MOSCOW, Idaho — Update: In a status hearing held on August 23, 2023, Bryan Kohberger waived his right to a speedy trial. The trial will not begin October 2, 2023, as initially planned. The headline for this article has been updated. 

RELATED: Bryan Kohberger waives right to a speedy trial, plans to file motion to strike death penalty

Original Article:

Bryan Kohberger, the man charged with the murders of four University of Idaho students, returned to court on Friday. Kohberger's defense presented several motions to the judge, but the majority of the day was spent reviewing the DNA collected in the case. The judge confirmed the trial will still take place this year. 

Trial Date Set

The state recommended maintaining the trial date for October 2, 2023, expressing concerns about potential delays affecting victim families and the overall integrity of the trial.

The defense also presented a motion to stay proceedings due to irregularities in the grand jury process but was denied by the judge, who found no substantial failure in the process.
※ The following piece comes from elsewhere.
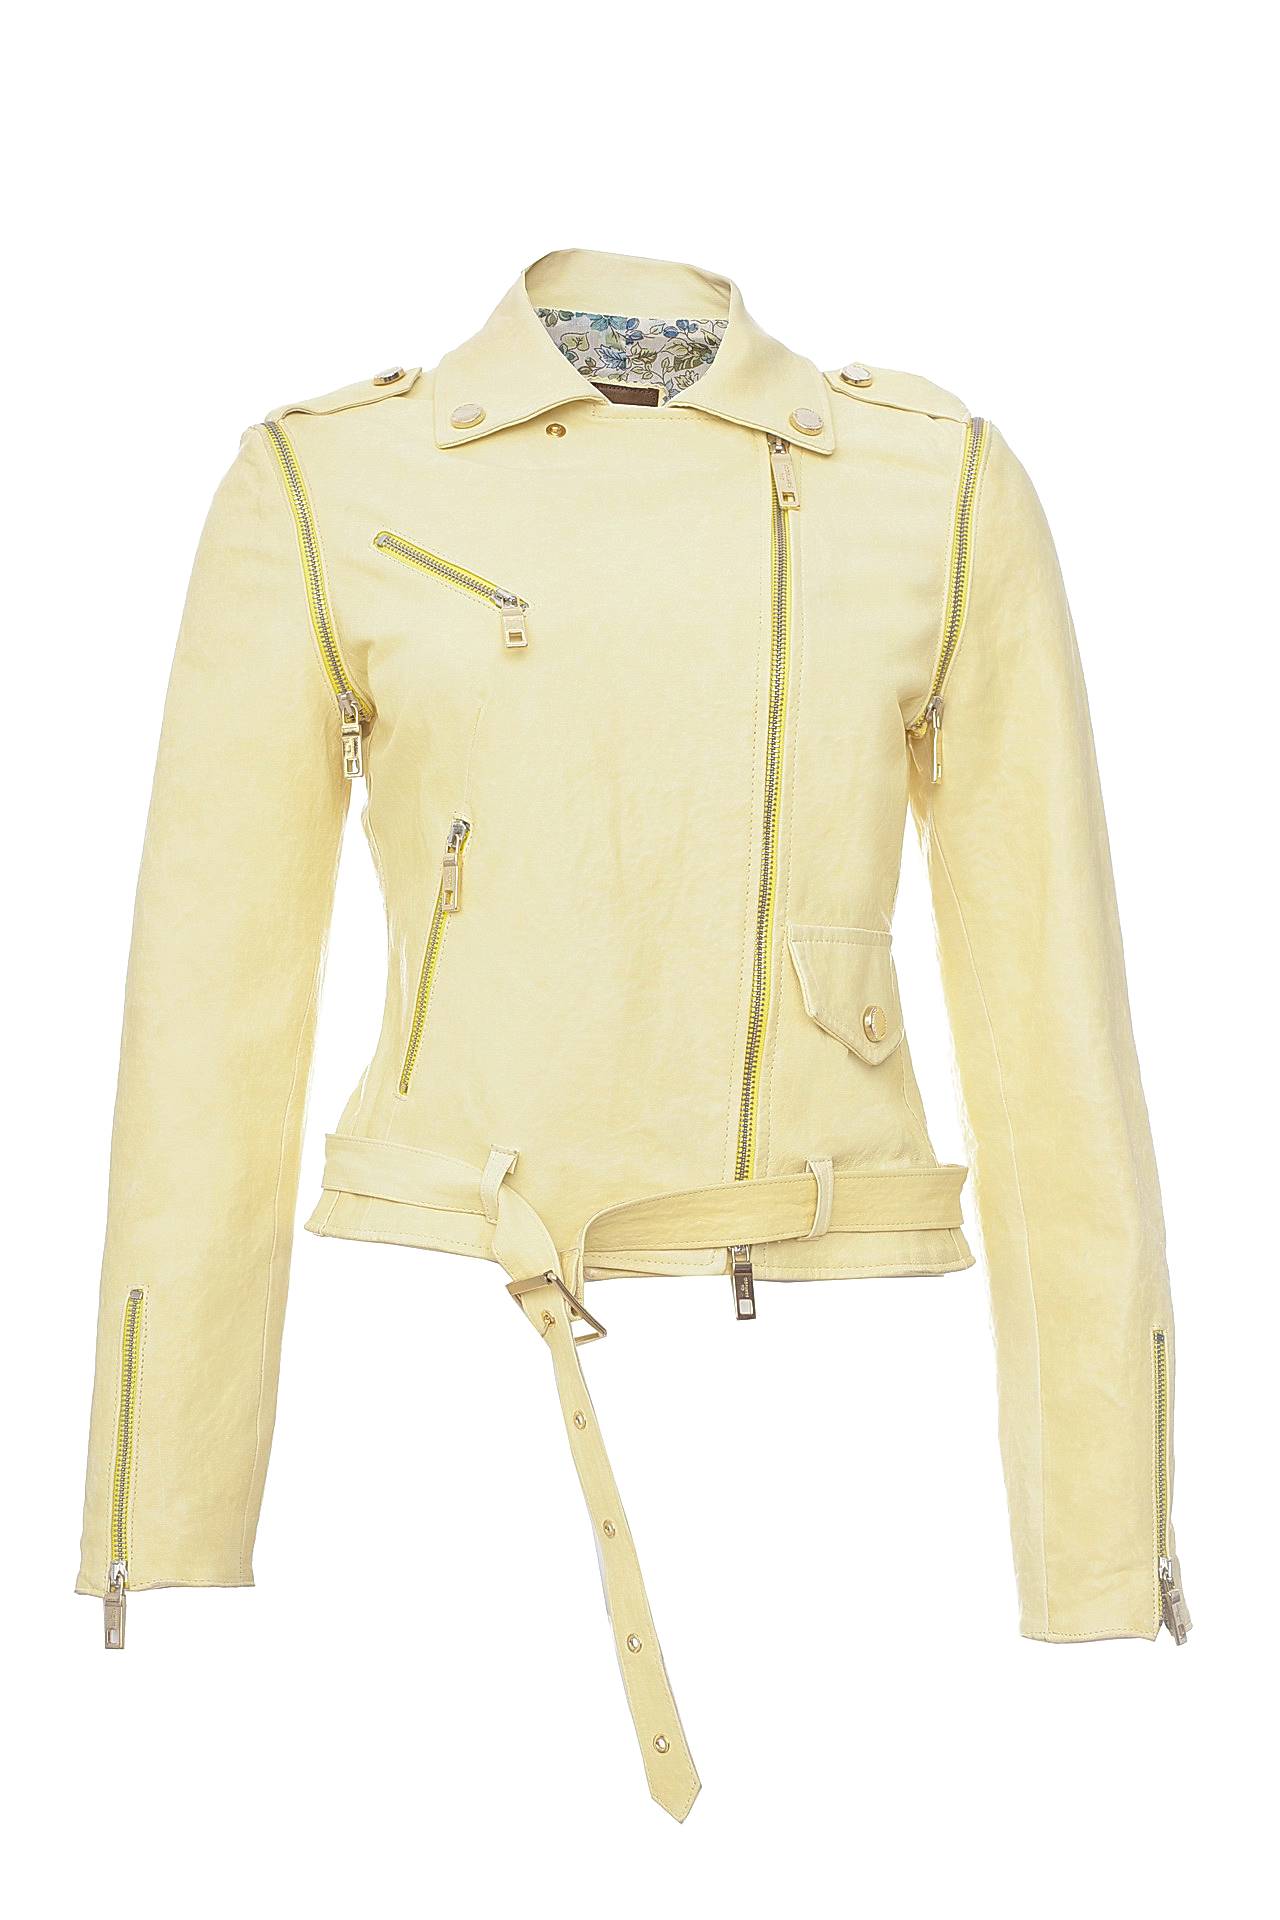 Одежда женская Куртка GIL SANTUCCI (121СF47/16.2). Купить за 21450 руб.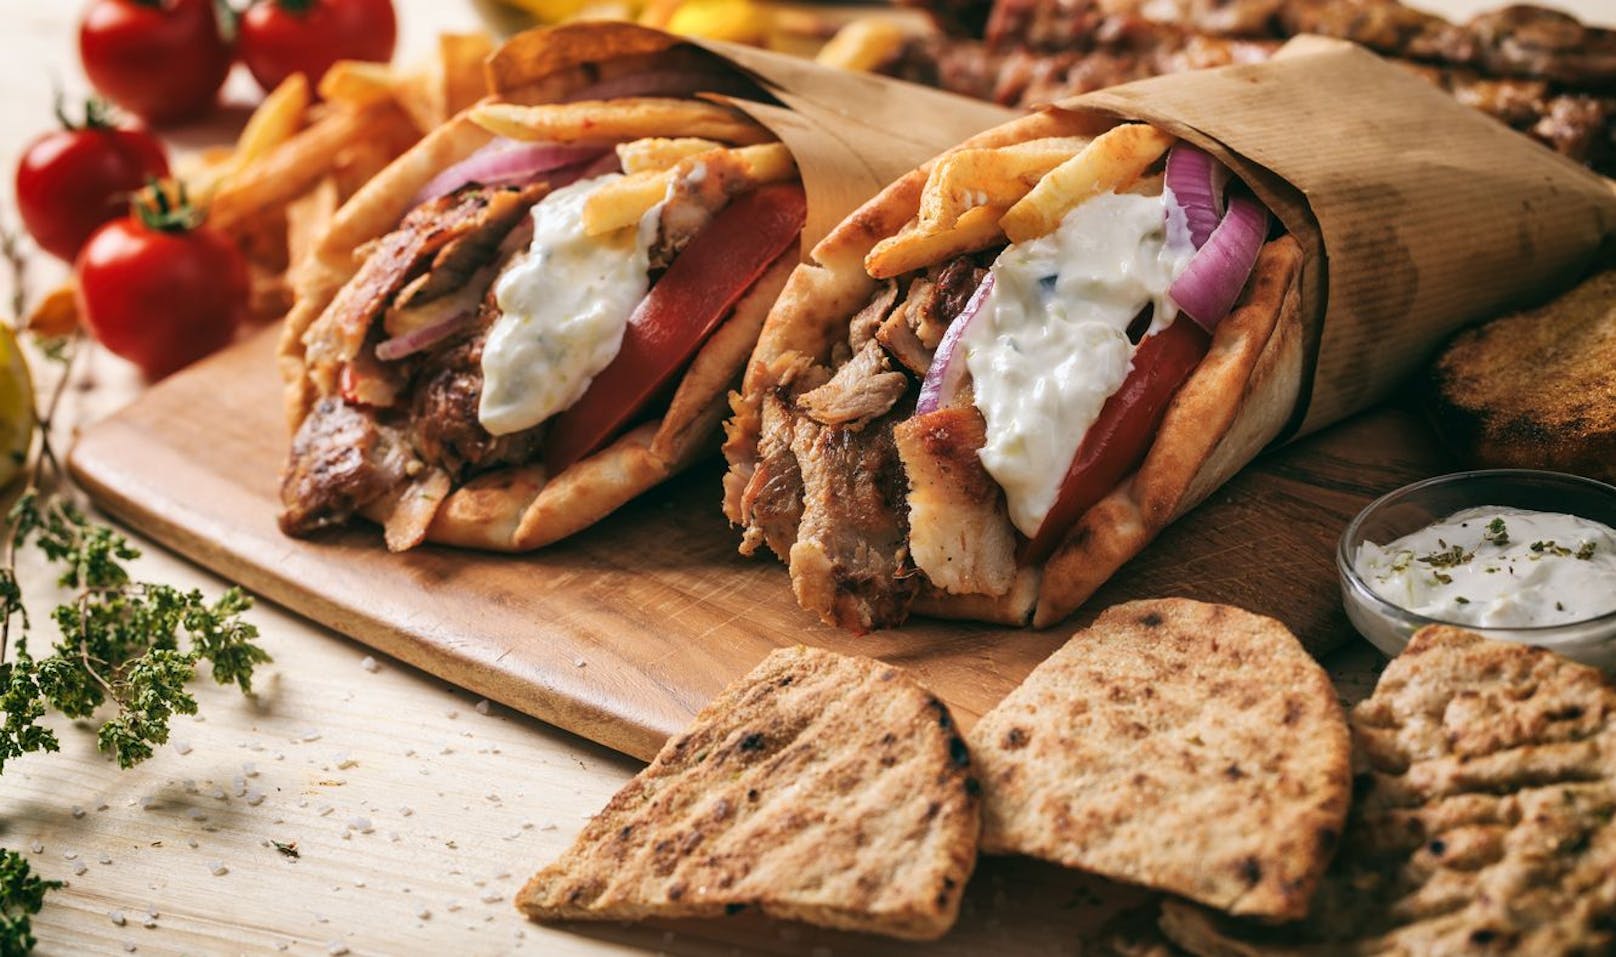 In griechischen Restaurants wird zum Beispiel oft das klassische Gyros angeboten. Ersetze das fettige Schweinefleisch lieber mit Fleischspießen oder Hackfrikadellen. Beilagen wie Huhn oder Fisch sättigen und halten dich zudem gesund.

The judge stated that based on the information provided, he was not convinced there had been a failure on the prosecutor's part. The trial is scheduled to proceed in October, with jury selection taking place the week before. Up to 1,000 potential jurors could be summoned for the trial.

If convicted, Bryan Kohberger faces the death penalty.

DNA Evidence

The defense team argued that it needs all the raw material, including what was tested, how it was tested, and what it was compared to. They assert that without access to all the DNA evidence, it is impossible to determine if the testing was conducted correctly or if any rules were violated.

Anne Taylor, Kohberger's lawyer, specifically pointed to three unidentified male DNA samples taken from the murder scene that the defense has not received. Prosecutor Bill Thompson countered, arguing that the defense already possesses everything accessible to the state.

Thompson stated, "All I'm hearing is speculation that they wish there was something there. We can't respond to something that doesn't exist."

Thompson concluded that the three samples in question were not uploaded to a Combined DNA Index System (CODIS) database due to ineligibility. He claimed that defense attorney Anne Taylor was informed of this by the lab.

The state contends that disclosing the material could potentially infringe on the privacy of hundreds of individuals in a genetics database, prompting a call for the issuance of a protective order.